FluffyAIcode · FluffyAIcode · Jun 2, 2026 · Jun 1, 2026
diff --git a/.github/workflows/ci.yaml b/.github/workflows/ci.yaml
@@ -78,6 +78,7 @@ jobs:
             tests/inference_engine/scheduler/ \
             tests/inference_engine/pipeline/ \
             tests/inference_engine/session/ \
+            tests/inference_engine/bench/ \
             tests/sdk/python/ \
             tests/training/repr_align/ \
             tests/backends/mlx/test_env.py \
@@ -86,6 +87,7 @@ jobs:
             --cov=inference_engine.scheduler \
             --cov=inference_engine.pipeline \
             --cov=inference_engine.session \
+            --cov=inference_engine.bench \
             --cov=kakeya \
             --cov=training.repr_align \
             --cov-report=term \

diff --git a/inference_engine/bench/__init__.py b/inference_engine/bench/__init__.py
@@ -0,0 +1,7 @@
+"""Pure-Python aggregation helpers used by ``scripts/bench_agentic/``.
+
+These helpers are split out of the CLI scripts so they can be unit-
+tested under the Linux 100% coverage gate. The CLI scripts that
+import them are themselves exempt from the coverage gate (CLI
+plumbing convention; see ``scripts/serve.py`` for precedent).
+"""
diff --git a/inference_engine/bench/session_long_run.py b/inference_engine/bench/session_long_run.py
@@ -0,0 +1,210 @@
+"""Pure aggregation helpers for the gRPC long-session bench.
+
+The bench script under ``scripts/bench_agentic/bench_session_long_run.py``
+walks one gRPC session through many turns, recording per-turn
+metrics: latency, KV bytes, history length, error / success. After
+the run it calls :func:`aggregate_run` here to compute the headline
+KPIs:
+
+  * ``kv_bounded`` — does ``kv_live_bytes`` stay under a tight band
+    across all turns? (ADR 0006 §2.3.a, ADR 0008 §7 G2.)

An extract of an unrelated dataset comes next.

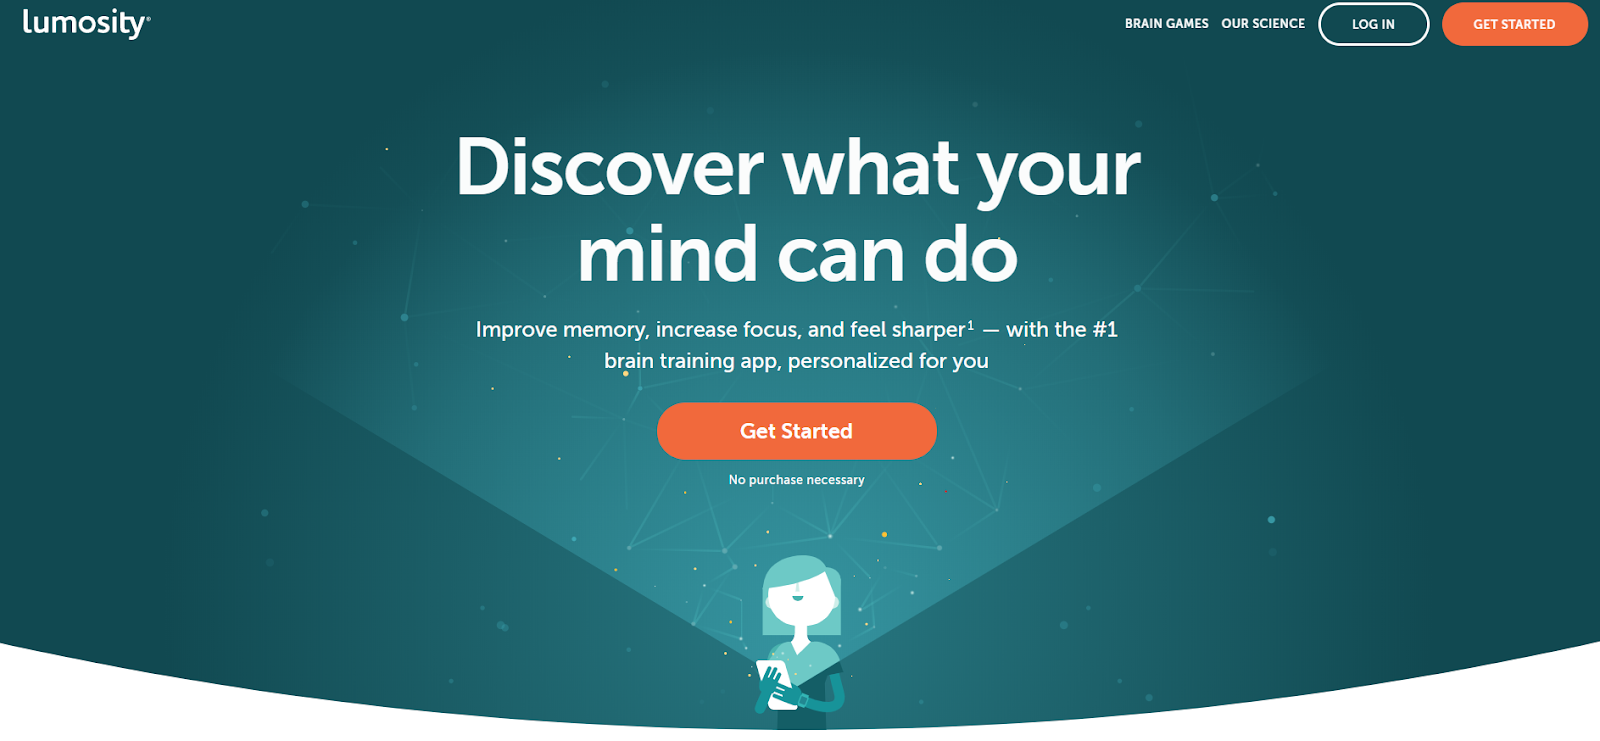 Lumosity can help to train your brain.

+  * ``prefill_bounded`` — does per-turn latency stay flat as the
+    history grows? (ADR 0008 §7 G2 prefill claim, the v0.3 GA gate
+    that was a non-claim on the deprecated HTTP shim.)
+  * Latency p50/p95, KV min/mean/max, n_turns, n_errors.
+
+Splitting this out of the CLI script means the aggregation logic is
+fully unit-testable and the script itself stays focused on IO. The
+script also computes a 10-minute bucket breakdown for visual sanity-
+check on long runs (4h+); that bucketing logic lives here too.
+"""
+
+from __future__ import annotations
+
+import statistics
+from typing import Any, Dict, List, Optional
+
+
+# ---------------------------------------------------------------------------
+# Aggregation
+# ---------------------------------------------------------------------------
+
+
+def _percentile(values: List[float], pct: float) -> Optional[float]:
+    """Linear-interpolated percentile, ``None`` if input is empty.
+
+    Implemented locally instead of pulling in ``numpy`` so the bench
+    has no scientific-stack dependency.
+    """
+    if not values:
+        return None
+    if not 0.0 <= pct <= 1.0:
+        raise ValueError(f"pct must be in [0, 1], got {pct}")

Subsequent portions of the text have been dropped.